Mike: I like the first part of this question, because the answer is in the question. Who you are. So there's interviews, there's optional essays. And David and I have a book coming out, I don’t want to overly talk about it, but we talk a ton in this book, the PowerScore/Spivey Consulting Admissions Bible, about differentiating. And the definition of who you are is different than anyone else on the planet. So you can differentiate in letters of rec, essays, interviews, visits, how you email, how you talk on the phone, how you communicate, your EQ… what you don't say on Reddit, that can be reverse engineered by a Dean of Admission to know that it's you bad talking their school. There’s hundreds of thousands of ways to differentiate.

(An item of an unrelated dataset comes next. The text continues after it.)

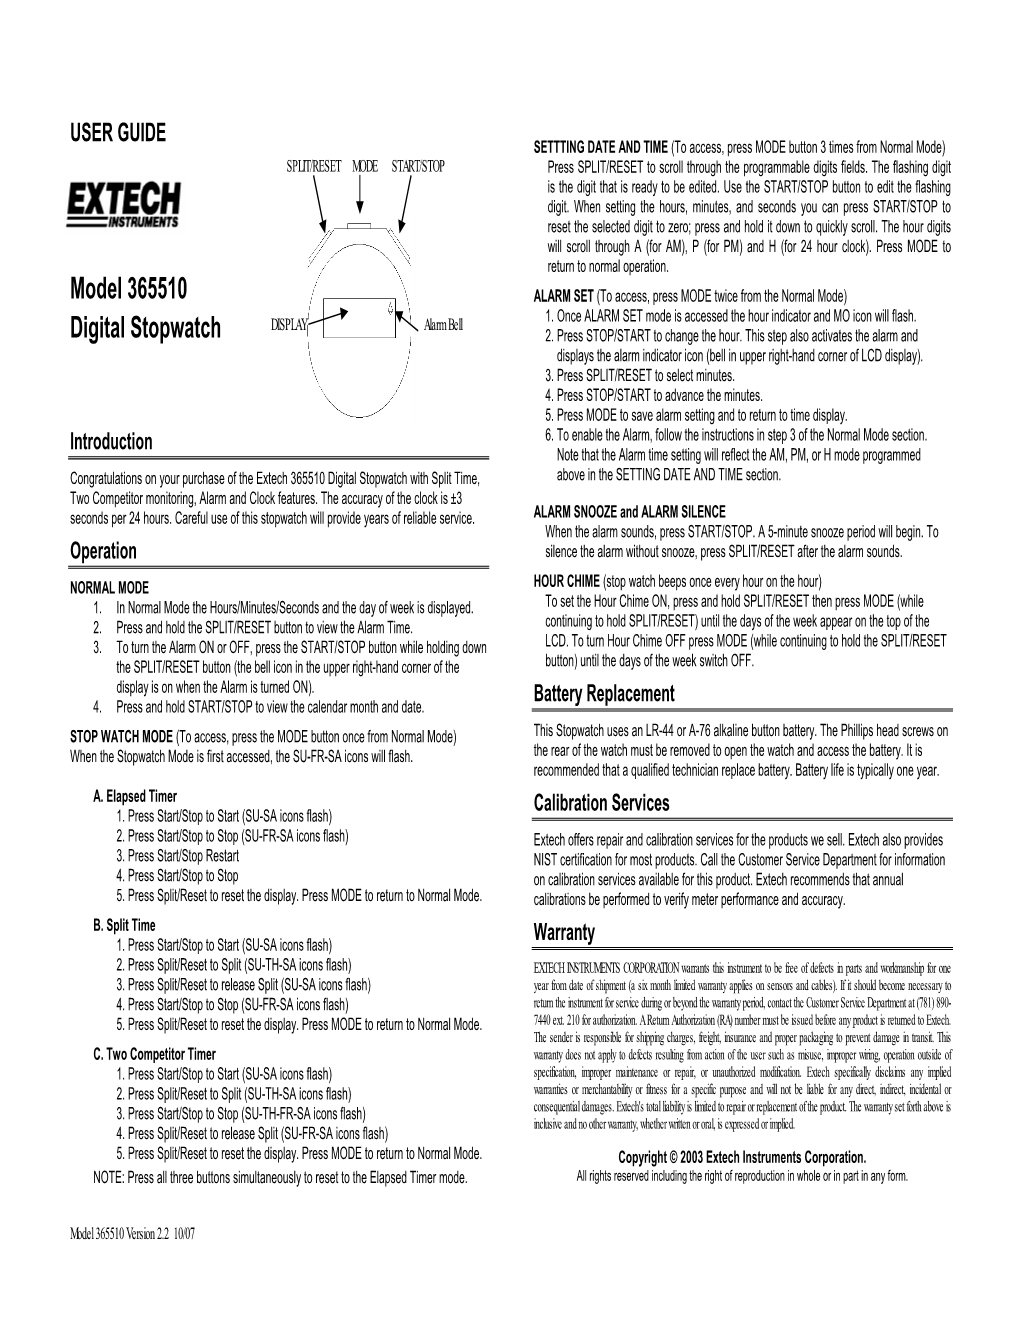 92637 Digital Stopwatch Clock Manual

Dave: Yeah, I don't have much to add to that because I think that's 100% accurate.
All right, next question, “How much of an impact does when you apply have on your chances? Is earlier always better? Or is there no substantive difference until a certain point?”
Mike: Yeah, so Dean Z — she and I talk from time to time, and she's been in admissions for longer than I have — and she had a great Instagram about someone who had applied two years in a row. They were not admitted the first year; they were admitted the second year. They applied in like — I don't know, you'll see the Instagram, but they applied earlier the second year. And then Dean Z says, “And this did not matter.” There's no difference for the vast majority of schools — and there's nuance, so please know that I'm not saying there's never any difference. But you always would rather get your better application in by November, December, early December, than your worse application in in September. And anyone that says otherwise is wrong, and I mean that. And I hate absolutes, but categorically, if they're telling you you have to apply by September, there's an ulterior motive. The motive might just be that they sound like they know what they're talking about. It might be someone on Reddit, I mean, the amount of false information — there was a question, you know, “How do I detect bad information?” There's tons of bad information, because sometimes people want to put bad information out there because they're competing with you. And I have two podcasts, and Dave, you and I were talking about this, I have two podcasts on how to detect bad information.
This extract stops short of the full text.